Afghanistan. Il generale Petraeus: prematuro il ritiro Usa nel 2011
L’Afghanistan al centro del confronto interno americano. La coalizione internazionale
nel Paese asiatico potrebbe iniziare a trasferire alcune competenze in materia di
sicurezza alle forze armate di Kabul. Lo ha dichiarato il segretario americano alla
Difesa, Robert Gates, che tuttavia ha anche ribadito il rispetto della data del disimpegno
totale statunitense, previsto nel luglio 2011. Una data questa considerata, invece,
prematura dal comandante delle forze americane ed internazionali nel teatro mediorientale,
il generale David Petraeus.

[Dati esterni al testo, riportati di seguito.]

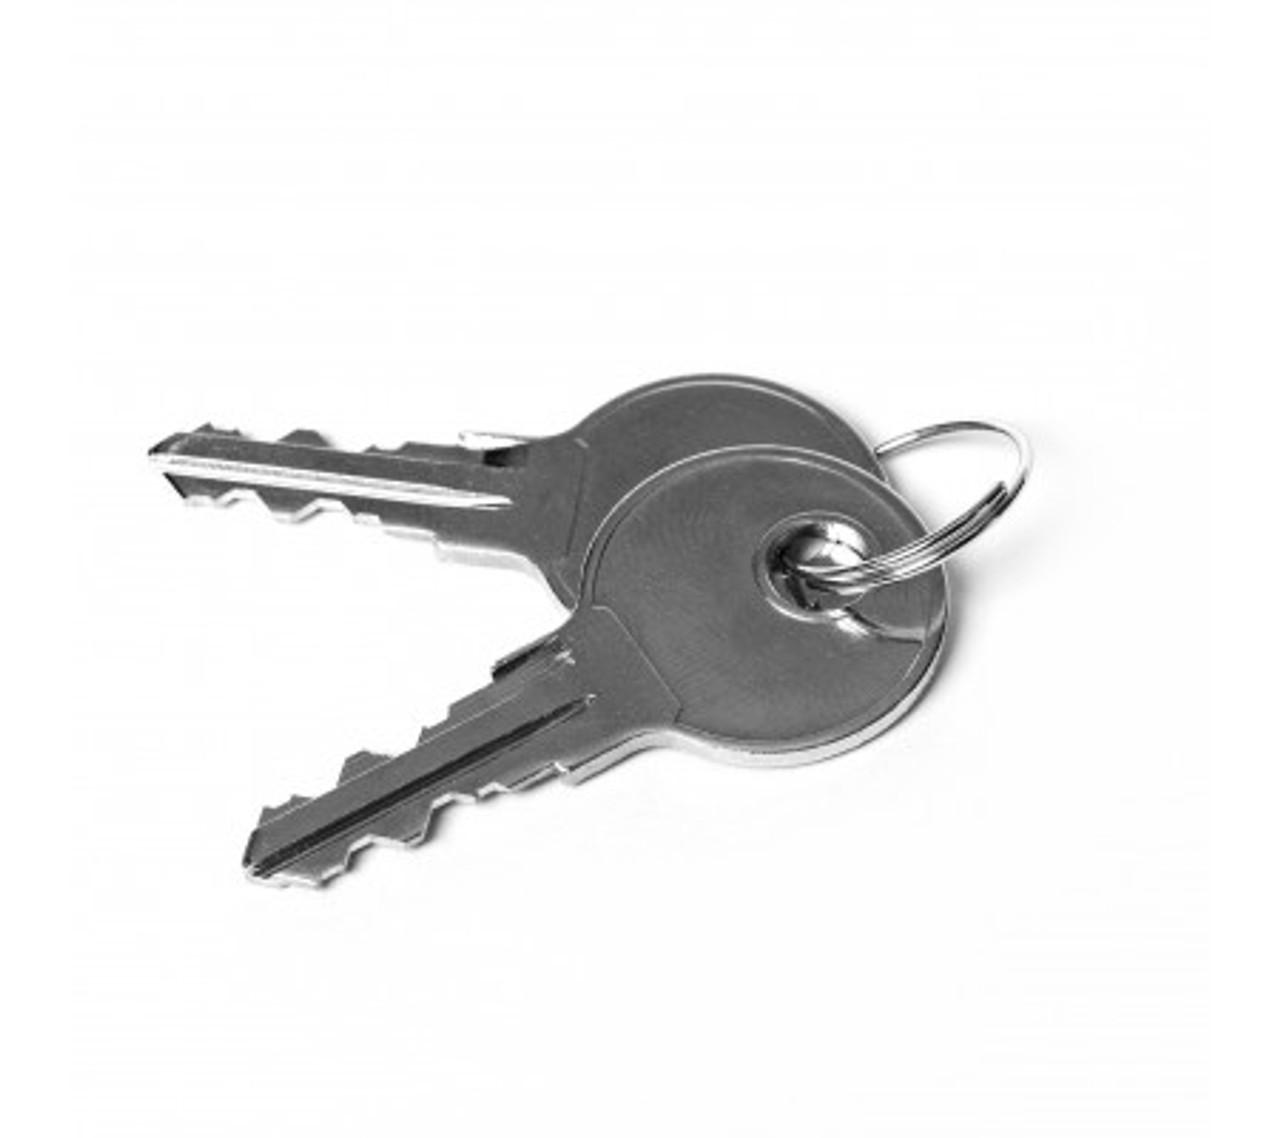 Includes Keys

Per un’analisi su questa differenza di vedute, Giancarlo
La Vella ha intervistato Arduino Paniccia, docente di Studi Strategici
all’Università di Trieste:
R. – Credo
che sia un contrasto che dura anche da tempo tra la componente militare e la componente
politica e diplomatica americane. Già qualche tempo fa il generale McChrystal ha dovuto
dare le dimissioni proprio perché aveva una linea completamente diversa da quella
della presidenza. Detto questo, il generale Petraeus, che è lo stratega migliore che
gli Stati Uniti hanno sul campo, sta cercando di convincere la presidenza americana
che ci deve essere un ritiro flessibile e graduale.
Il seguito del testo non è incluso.